Full_Name: Andrew Findlay
Version: 2.4.23
OS: OpenSuSE 11.1
URL: ftp://ftp.openldap.org/incoming/ajf-syncrepl-config-20100915a.tgz
Submission from: (NULL) (88.97.25.132)


When a read-only consumer server uses one peer of a mirrormode pair as its
supplier, there is a case where the initial refresh phase of the synchronisation
loses deletions.

This is very similar to the case where a single master server has its serverID
changed between taking a slapcat backup to LDIF and bringing up a consumer
server fom that LDIF file.

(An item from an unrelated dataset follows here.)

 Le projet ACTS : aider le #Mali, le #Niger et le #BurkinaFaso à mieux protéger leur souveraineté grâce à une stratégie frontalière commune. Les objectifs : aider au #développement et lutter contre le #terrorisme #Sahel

See this thread for some background:
http://www.openldap.org/lists/openldap-technical/201009/msg00193.html

The problem occurs when a deletion was originated on a server whose serverID
does not match the serverID of the supplier when a new consumer is brought up.
It is masked by the volatile syncprov-sessionlog if the deletion is still in the
provider's log, which is why the instructions below stop and start the servers
so much.

I have uploaded the configs and data files for this to ftp.openldap.org.

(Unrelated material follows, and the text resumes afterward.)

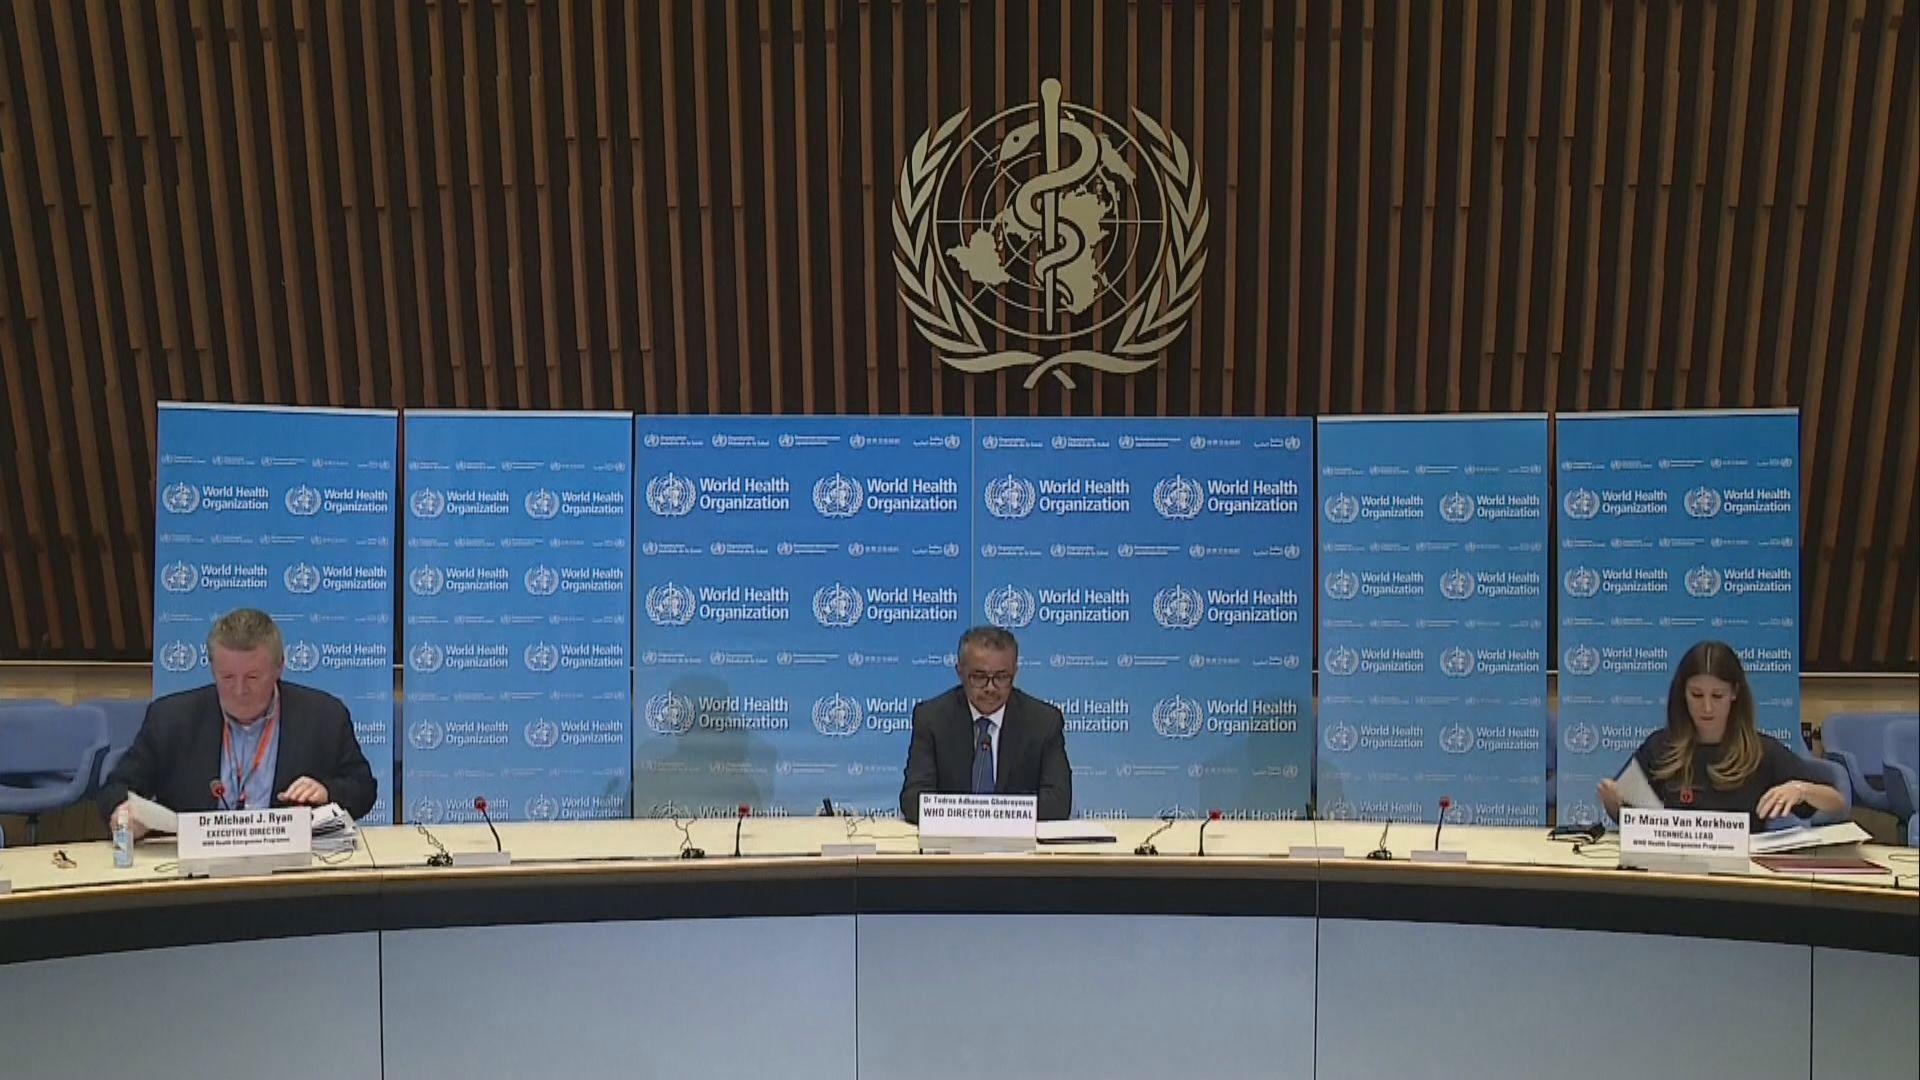 世衛與各國就逐步解除限制民眾活動措施制訂策略

Case 1: serverID of supplier server changes during the creation of a consumer:

people.ldif contains entries #1, #2, #3, #4 under dc=people,dc=example,dc=org

1)      Load people.ldif into empty master server
2)      Start master                              
3)      Stop master                               
4)      Dump master DB using slapcat > m1.ldif    
5)      Start master                              
6)      Delete entry#1                            
7)      Stop master                               
8)      change master serverID                    
9)      Start master                              
10)     Dump master DB using slapcat > m2.ldif    
11)     Delete entry#2                            
11a)            Stop master                       
11b)            Start master                      
12)     Load m1.ldif into empty consumer server   
13)     Start consumer                            
14)     Check ContextCSN matches on each server   
15)     Check for Entry#1 Entry#2 Entry#3         

If 11a/b are run:
        Entry#1 and Entry#2 are still found on the consumer

If 11a/b are not run:
        Entry#1 is still found on the consumer
        Entry#2 is deleted - presumably because it was in the volatile
sessionlog


Case 2: mirrormode pair supplying read-only consumer:

1)      Load people.ldif into empty peer server with serverID 1
2)      Start peer 1                                            
3)      Start peer 2 and allow it to sync up                    
4)      Stop peer 1                                             
4)      Dump peer 1 DB using slapcat > p1.ldif
5)      Start peer 1
6)      Delete entry#1 on peer 1
7)      Delete entry#2 on peer 2
8)      Verify that both entries have gone on both servers
9)      Stop both peer servers (this clears the volatile syncrepl-sessionlog)
10)     Start peer 1 and peer 2
11)     Load p1.ldif into empty consumer server (which is configured to sync
from peer 1)
12)     Start consumer
13)     Check ContextCSN matches on each server
14)     Check for Entry#1 Entry#2 Entry#3 on all servers

Entries #1 and #2 have gone on both mirrormode peers
Entries #1 and #2 are still present on the consumer
The consumer only has a ContextCSN value from peer 1

15)     Restart the consumer server

The consumer now has both ContextCSN values but it still has entries #1 and #2

16)     Delete Entry #3 on peer 1
17)     Check for entry #3 on all servers

Correctly deleted

18)     Delete Entry #4 on peer 2
19)     Check for entry #3 on all servers

Correctly deleted

Entries #1 and #2 are still present on the consumer


Andrew